Мандорла и Глиняный Монстр бесцельно бредут, не выбирая направления. Люди, живущие в этих укрытиях, выросших на останках великого города, худые и голодные, они живут, как бродяги, забираясь в норы и шахты, ведущие в разрушенный же подземный мир, который не смогло до конца уничтожить землетрясение, в ловушку которого попались Мандорла и Глиняный Монстр. Двое призраков не делают новых попыток спуститься в подземелье. Оно также мертво, как и мир снаружи. Обитатели его стали дикими, их знаниям пришел конец.
Мандорла и Глиняный Монстр располагают временем, чтобы изучить этот мир тщательнее, чем все предыдущие. И замечают, что покупатели, явившиеся с другого конца пустыни за изделиями здешних обитателей, приехали на ветхих фургонах с мотором.
— Не могу сказать, на каком топливе они работают, — говорит Глиняный Монстр, осмотрев одну такую машину. — Представь, что означает их наличие. Где-то — вероятно, не слишком далеко отсюда — есть рудники и фабрики, инструменты и опытные обработчики металлов. Ремесло не выродилось.

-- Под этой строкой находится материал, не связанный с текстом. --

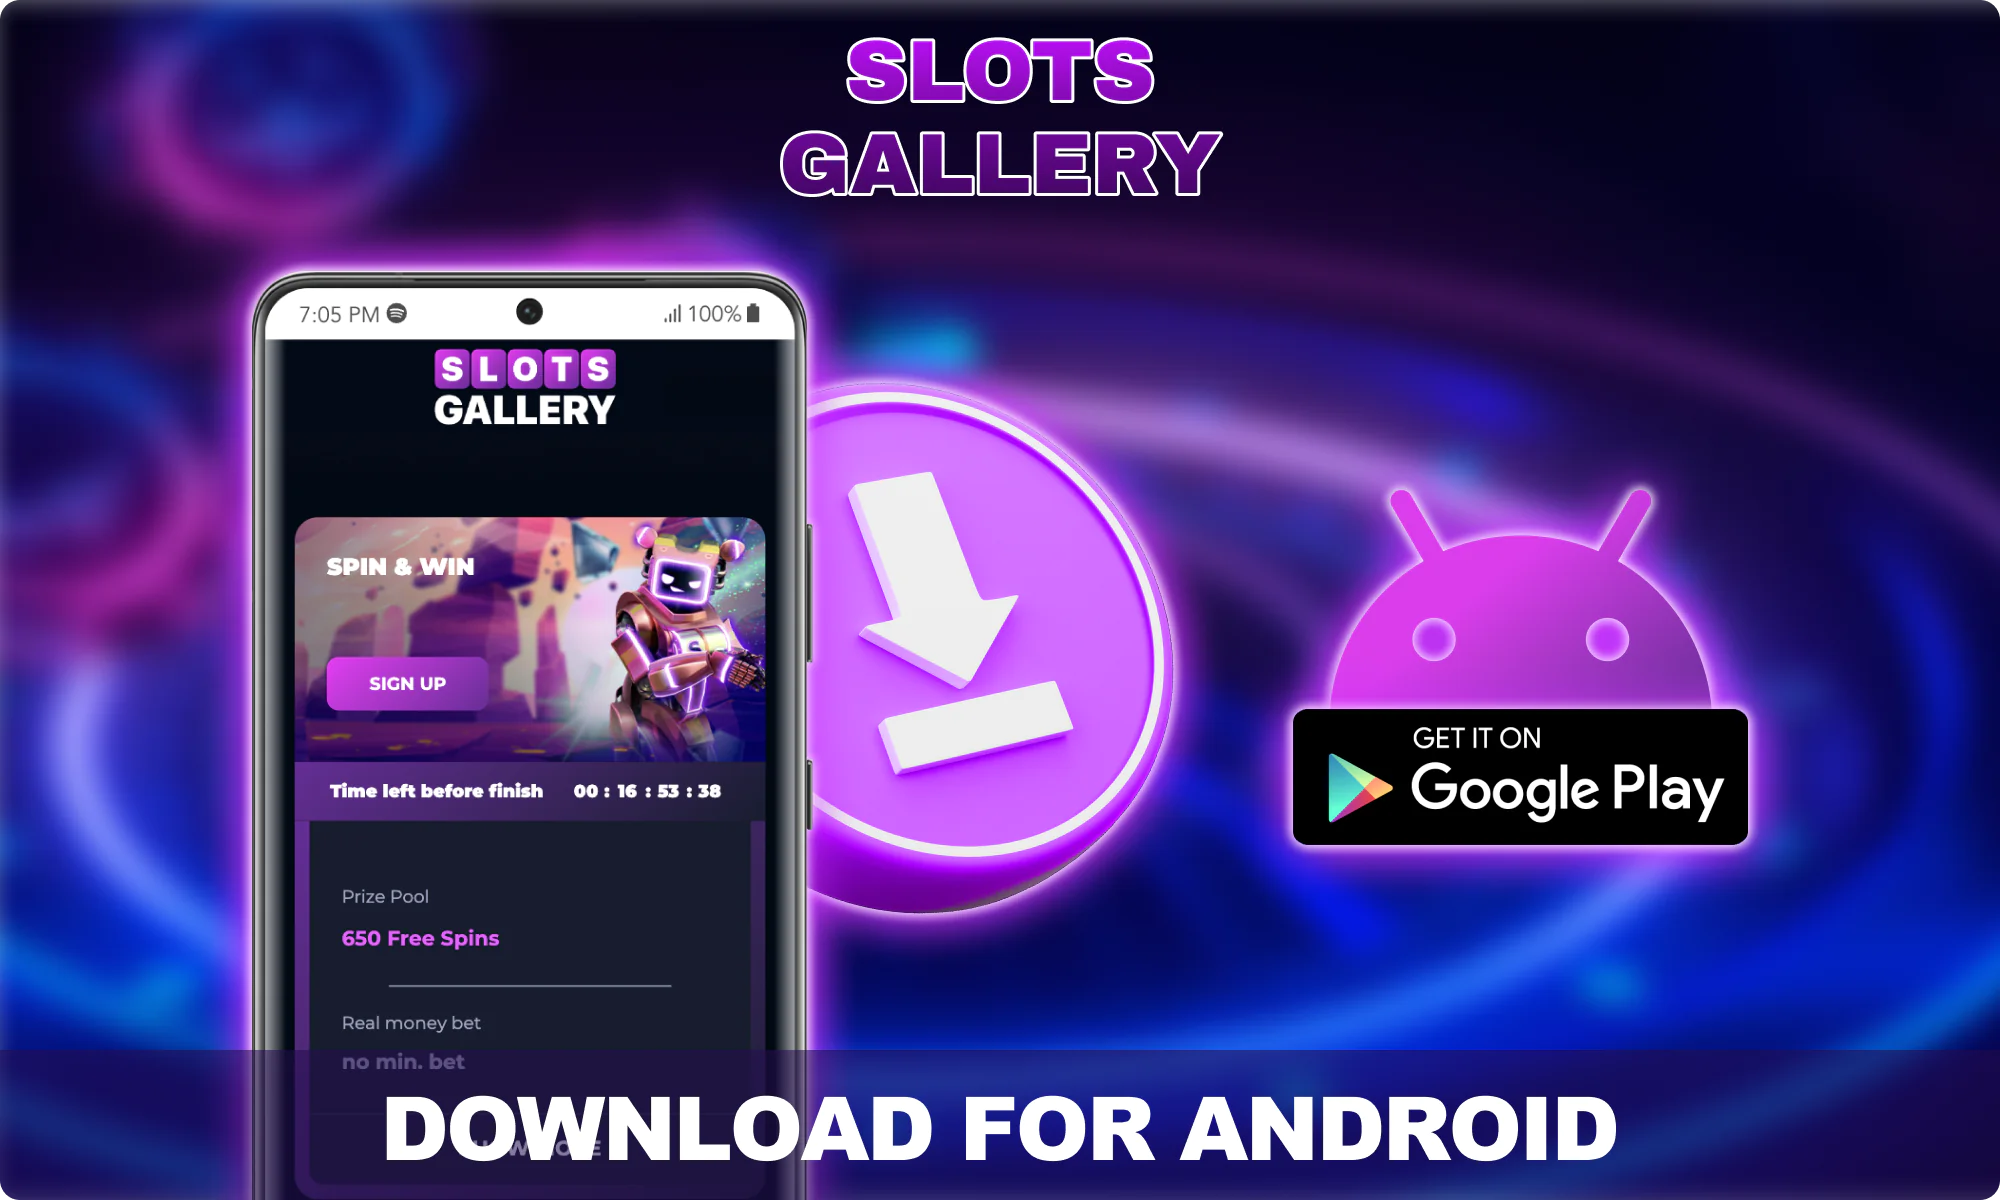 Slots Gallery App Download for Android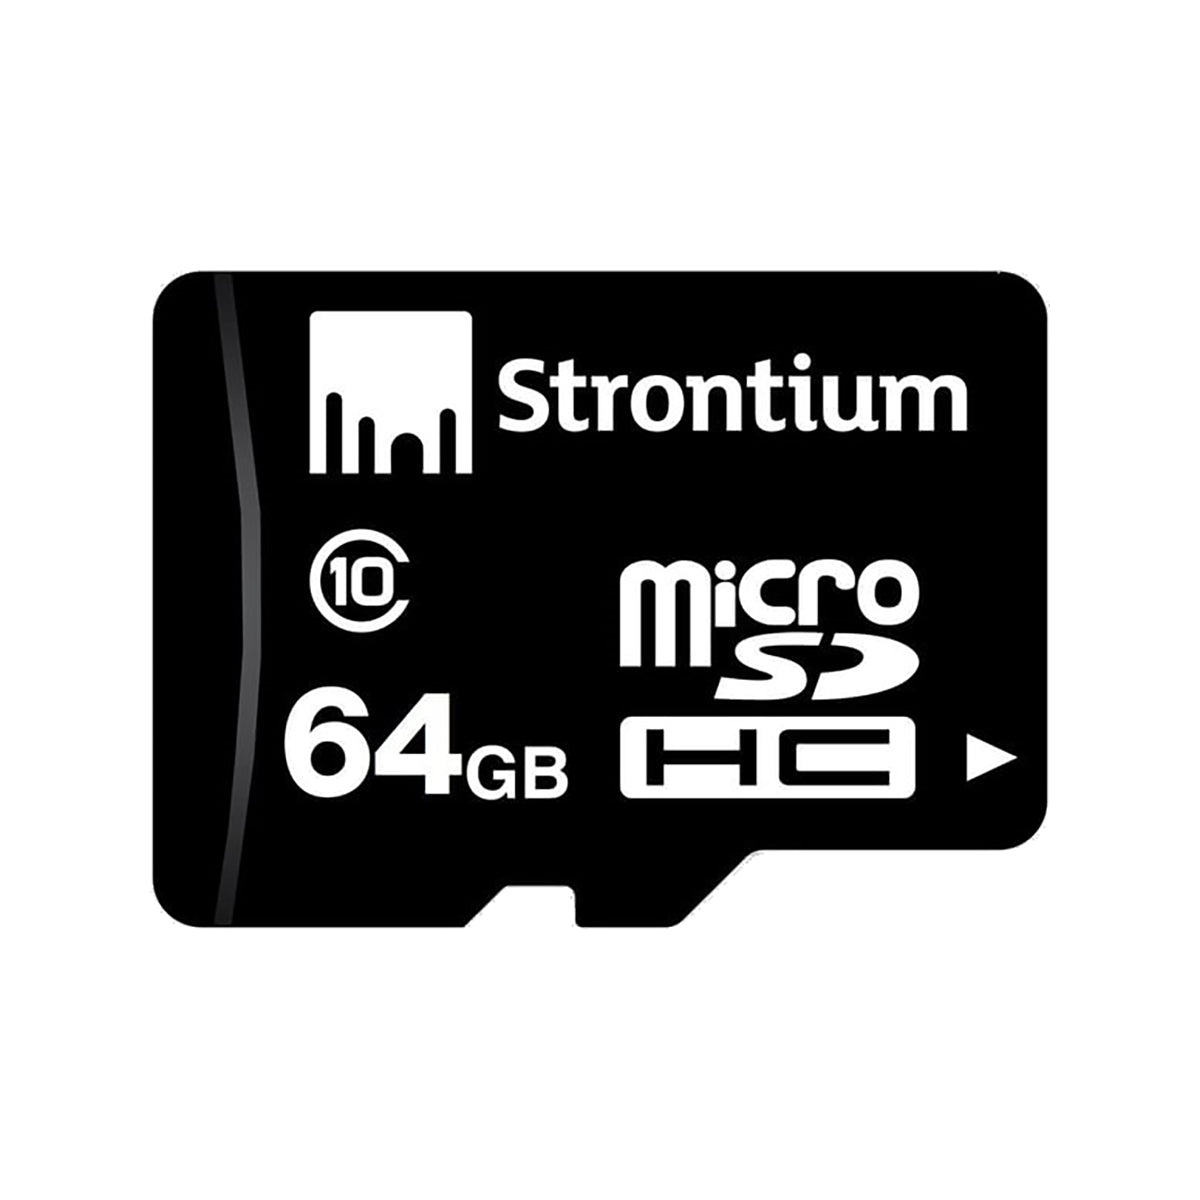 Strontium NITRO MicroSD Card only 64GB for Smartphones/Tablets

Прогрессу нанесен удар, но он выжил даже в таких условиях.
Мандорлу это не трогает.
Обитатели пустыни сами не имеют машин, но, когда опускается ночь, Глиняный Монстр радостно замечает, что каждое скопление хижин располагает двигателем для производства электричества. Производство света — не единственная цель этих машин. На каменных столбах установлены маленькие тарелки, направленные прямо в южную сторону неба, они присоединены кабелем к коробкам, экраны которых показывают непрерывно меняющиеся картинки. Эти машины, казалось, являются предметом жизненной необходимости. Как и в прежние времена, они устанавливают информационный канал, едва ли открывающий терпеливому Глиняному монстру состояние мира, но теперь это задание оказалось труднее, чем прежде, ибо слишком мало комментариев произносится по-английски. Владельцы машин как будто еще меньше могут справляться с машинами, чем Глиняный Монстр, сумевший за свою долгую жизнь одолеть дюжину языков.
Пока Глиняный Монстр продолжает свои изыскания, Мандорла удаляется в необитаемую местность, где может отдохнуть и посмотреть на яркие, спокойные звезды. Она даже немного поспала, но снов ей не снится.
На следующий день, когда рассвело, Глиняный Монстр рассказывает Мандорле, что двадцать второй век не так уж и стар: всего несколько поколений сменилось со времени их последнего сна. Он выяснил: Британия и большая часть Европы так никогда и не оправились от опустошения, которое пережили, а Северная Америка точно так же обращена в руины, но жизнь продолжается.
— Основные центры политического и экономического могущества теперь, похоже, переместились на Дальний Восток и в Южную Америку, которые, я боюсь, воюют друг с другом. Если мои суждения верны, напряжение между ними достигло апогея. Грядет новый конфликт.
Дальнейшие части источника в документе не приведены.